Legal Domain Adaptation of Modern BERT Models

Legal Domain Adaptation of Modern BERT Models

现代 BERT 模型的法律领域适配

We investigate domain adaptation of modern BERT models in the legal domain. We further pre-train ModernBERT on all US court opinions using the masked language modeling objective. 我们研究了现代 BERT 模型在法律领域的领域适配问题。我们使用掩码语言建模(Masked Language Modeling)目标,在所有美国法院判决书上对 ModernBERT 进行了进一步的预训练。

Although ModernBERT has been trained on roughly 500x more data than original BERT, we still find that this model benefits from further pre-training and domain adaptation in the legal domain: we report significant improvements compared to vanilla ModernBERT on all datasets connected to US court opinions. 尽管 ModernBERT 的训练数据量约为原始 BERT 的 500 倍,但我们发现该模型在法律领域进行进一步预训练和领域适配仍能获益:与原始的 ModernBERT 相比,我们在所有与美国法院判决书相关的数据集上都观察到了显著的性能提升。

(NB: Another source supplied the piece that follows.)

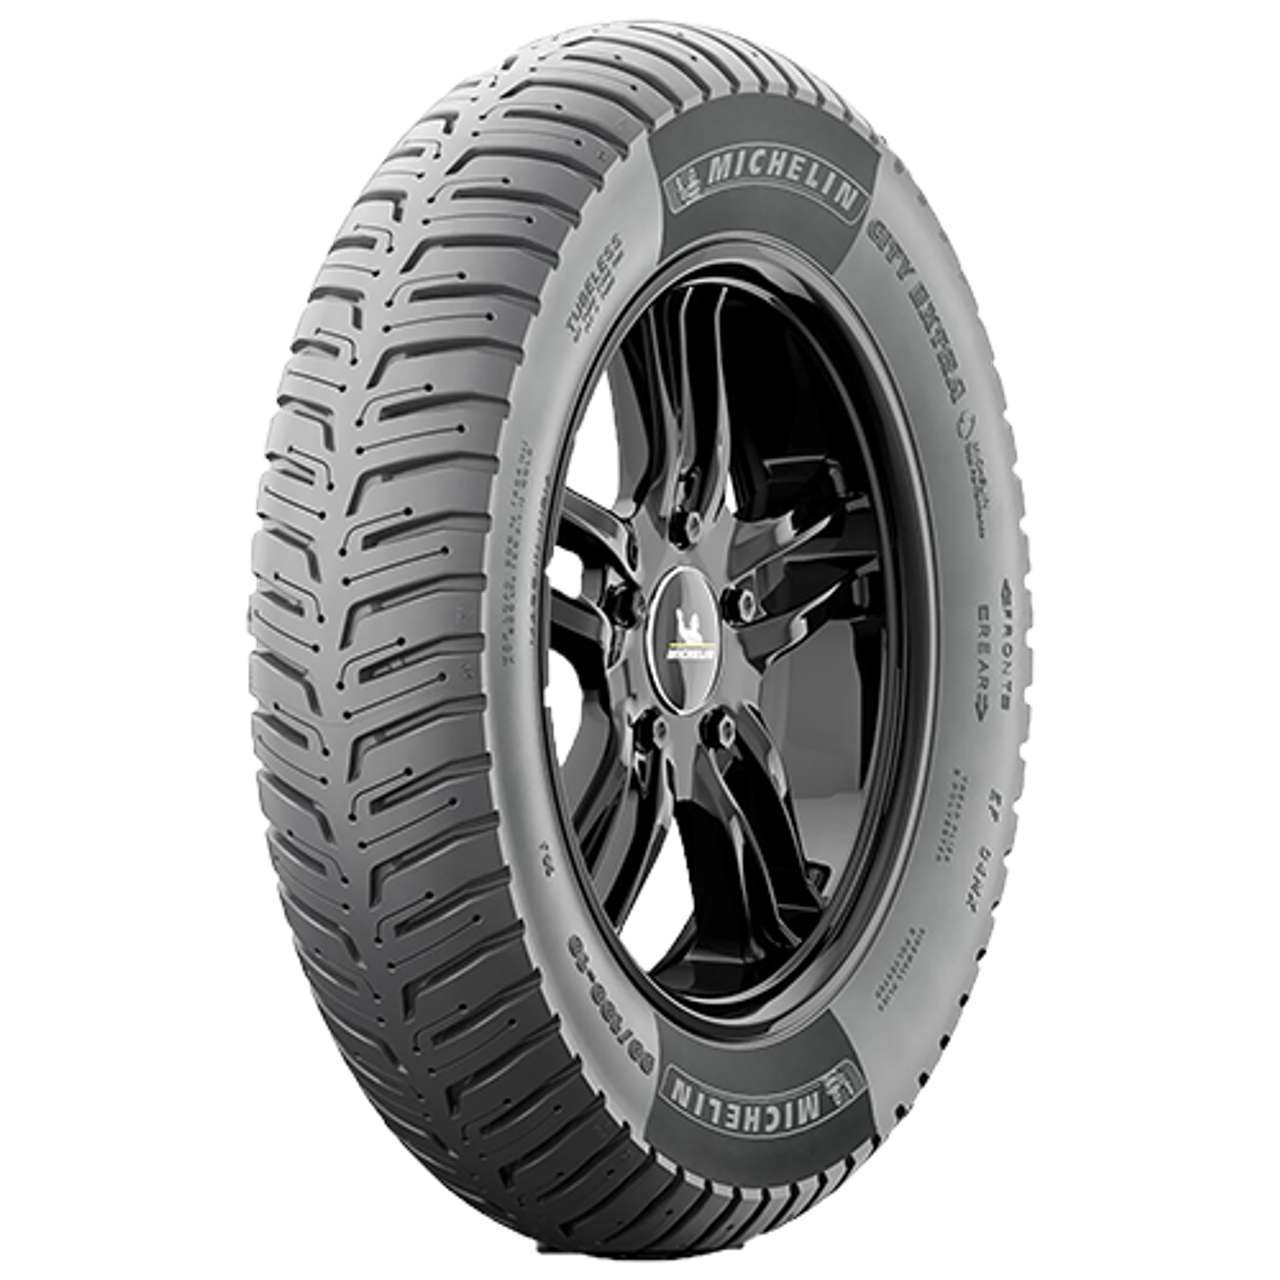 MICHELIN CITY EXTRA 90/80 - 16 M/C XL TL 51S FRONT/REAR

We find gains similar to those reported in early work on domain adaptation of BERT-like models. However, from scratch pre-training does not match the performance of further pre-training an existing ModernBERT checkpoint in our experiments. 我们发现这些增益与早期关于 BERT 类模型领域适配的研究报告相似。然而,在我们的实验中,从零开始预训练的效果并不如在现有的 ModernBERT 检查点(checkpoint)基础上进行进一步预训练的效果好。

The resulting models are capable of processing sequences up to 8,192 tokens, and can be used to compute meaningful embeddings of legal passages, or could quickly rerank hundreds of legal passages for a given search query. We release all model checkpoints publicly. 最终得到的模型能够处理长达 8,192 个 token 的序列,可用于计算法律文本的有意义嵌入(embeddings),或针对给定的搜索查询快速对数百条法律文本进行重排序。我们已公开所有模型检查点。